Todas las verdades y mentiras
Cuando tu chico la tiene muy pequeña
En los seres humanos, el pene medio mide unos 13,5 centímetros de longitud en erección y 8,8 centímetros en reposo. Con un diámetro promedio que oscila entre 2 y 3,2 centímetros.
El pene de la inmensa mayoría de los hombres (79%) mide entre 12 y 17 centímetros de longitud en erección y entre 6 y 11 centímetros en reposo. Hay un 18% de hombres pueden considerar que tienen un pene grande con más de 17 centímetros de longitud en erección y más de 11 centímetros en reposo.
Se considera un pene pequeño el que mide menos de 12 centímetros de longitud en erección y menos de 6 centímetros en reposo; este tamaño lo tienen el 3% de los hombres. Con frecuencia, el tamaño de un pene en reposo no predice mucho el que alcanzará en erección. Se ha observado que hay penes de menor tamaño, en reposo, que crecen más para alcanzar la misma medida en erección que otros penes originalmente más largos en posición de descanso
Una preocupación para hombres y mujeres
La mayor preocupación confesada, tanto por hombres como por mujeres, sobre el pene pequeño es estética. Es decir, se ve más “completo” a un hombre desnudo que porta unos genitales de un tamaño “adecuado” (y resulta difícil hacer una buena definición de ello) que si los tiene pequeños. Probablemente, porque un pene pequeño trae a la memoria de un órgano sexual masculino infantil.
Sin embargo, la preocupación menos confesable, aunque todo el mundo sepa que existe (las mujeres hablan de eso entre sí; y los hombres temen), es que un pene de tales dimensiones no deje satisfecha a una mujer durante la cópula.
Se ha intentado negar que tales aprensiones existan (en las mujeres; los hombres afectados las tienen en cualquier caso). Después de todo, el orgasmo femenino depende más del estímulo que recibe su clítoris que del pene que surca el interior de su vagina. Eso es verdad…, pero no es toda la verdad.
Porque a las mujeres, durante el coito, les gusta sentirse “llenas”. Y eso sólo lo consiguen los penes convenientemente anchos (no largos). Está comprobado que la distensión que produce el pene en la vagina incrementa el flujo sanguíneo genital incrementando la erección del clítoris (y su sensibilidad) y la humidificación de las paredes vaginales.
Ventajas e inconvenientes de los penes pequeños
Hay penes pequeños en longitud que pueden tener las mismas dimensiones transversales que los largos. Por eso, pueden llenar tanto como los penes grandes. Aunque es cierto que no invaden del mismo modo la vagina (no llegan al fondo). Pero los penes pequeños no tienen por qué ser un obstáculo para tener un buen sexo. Para la mujer, son más cómodos para practicar la felación (sexo oral a un hombre) y para el coito anal. Y pueden resultar más manejables a la hora de masturbarlos.

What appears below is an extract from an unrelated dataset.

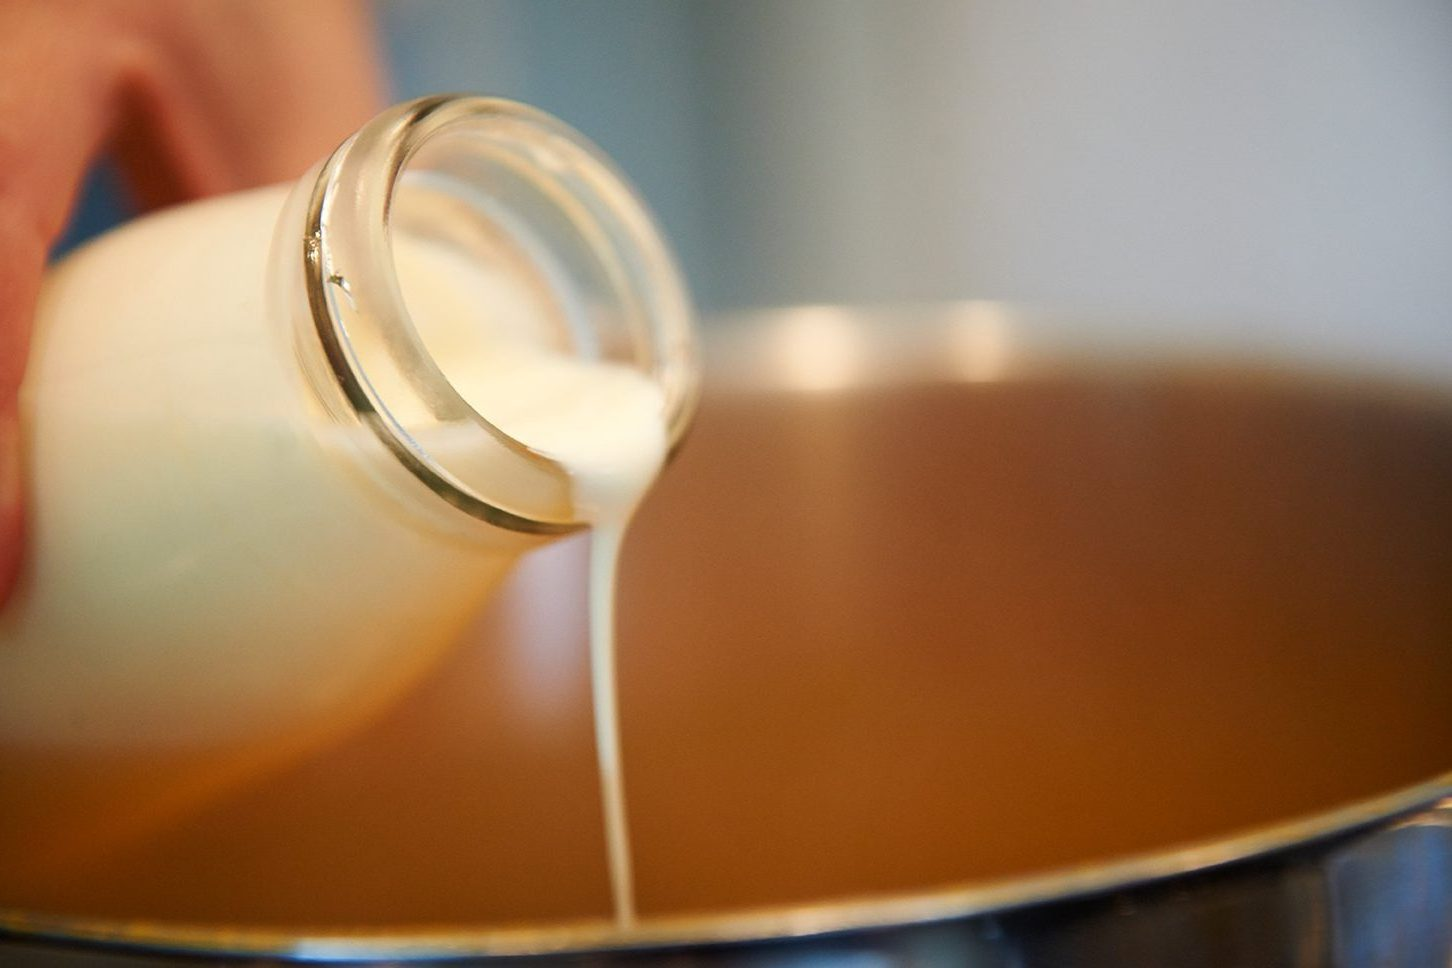 sahne-fuer-johannisbeer-joghurt-pancakes-mit-espresso-karamell-sosse-Foto: Maike-Helbig-fuer-www.myotherstories.de

No se harían estos planteamientos si se tuviera en la cabeza que la cópula no es la única forma que tienen hombres y mujeres de relacionarse sexualmente. Pero, una vez decidido realizar el coito, existen varias opciones que pueden ayudar en estos casos. Una de ellas sería utilizar una prótesis elegida del tamaño adecuado. Mas, no es en esto en la solución que piensa la mayoría de la gente
Cualquier posición de coito que requiera que la mujer mantenga las piernas abiertas o muy abiertas impide que la mujer sienta un pene pequeño en el interior de su vagina. Luego hay que buscar otras opciones. Mantener las piernas cerradas.
Tanto si él se coloca encima, con sus piernas por fuera de las de ellas, como si ella se coloca en la posición superior, como si él la aborda, vaginalmente, por detrás. En las posturas laterales, no es necesario que la mujer mantenga las piernas juntas, puede desplazar una hacia delante para facilitar el abordaje masculino, sin necesidad de abrirlas.
En todas esas posturas, si él puede estimular el clítoris con su pubis, estupendo. Porque eso facilitará el orgasmo femenino. Pero si ella se ayuda manualmente mientras se concentra en las sensaciones percibidas en su vagina, y él se concentra en proporcionárselas, será mejor.
En cualquier caso, conviene no olvidar que las relaciones sexuales no se circunscriben al coito. Que existen numerosos juegos donde ambos pueden disfrutar. A veces, incluso añadiendo el uso de un dildo para que la mujer sienta algo dentro de su vagina mientras se hacen otras cosas placenteras para ambos.